Step 2 – Get Comfortable

Most people have this image in their heads of sitting lotus style saying ohm. While that’s a very traditional way of meditating, it’s not necessary.

It’s more important that you’re comfortable.

You can sit in a chair, lay down, sit on the floor with feet out straight and your back against the wall, whatever feel right for you.

Step 3 – Focus on Your Breathing

As a beginner, don’t worry about having a mantra or anything like that. Simply focus on your breathing in the following manner:

Breathe in – think one.

Breathe out – think two.

Breathe in – think three.

Breathe out – think four.

Repeat.

That will help quiet your mind a little and also focus your intention. Continue for as long or as little time as you like. The key is to develop a sense of inner peace.

Don’t Worry About Your Thoughts

Nearly everyone who’s ever considered meditation worries about turning off their thoughts. I’m going to let you in on a secret here – you’ve got it backwards! You don’t turn off your thoughts in order to meditate. You meditate in order to turn off your thoughts.

We’re not wired to shut off our brains – it’s how we stayed alive, remember? When the thoughts come in – and they ALWAYS will, try this.

Step 1 – Imagery

Imagine your thoughts as leaves, feathers, or monkeys coming into your head.

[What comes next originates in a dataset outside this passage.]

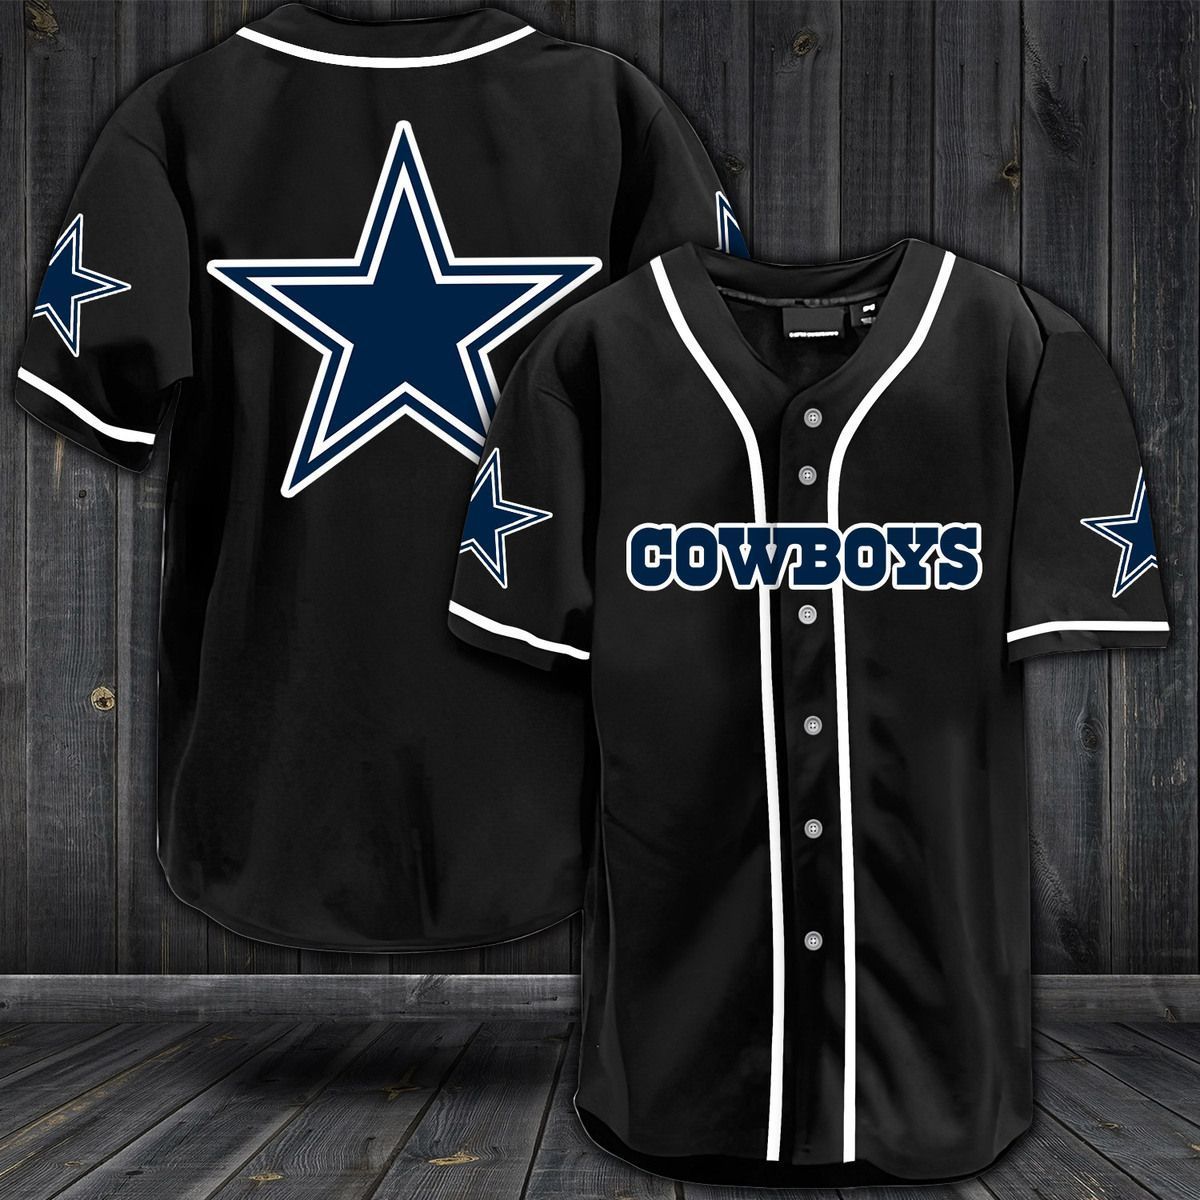 NFL Dallas Cowboys baseball jersey shirt

Step 2- Have Them Move Aside

Ask the monkeys, feathers, leaves, etc. to move to the side. Remind them you’ll be able to talk with them when you’re done.

Step 3 – Repeat

That’s it. Keep doing this with every thought you have. The more you meditate, the easier it will become and the more quickly your thoughts will move to the side.

For more information about how to handle your thoughts while meditating, check out this post on Monkey Mind Meditation.

Next Step

Once you’re comfortable with meditation, you can do it anywhere. A quick bathroom break or in your car (parked) at lunch might be just the thing you need to calm down and get back to being productive for the rest of the day.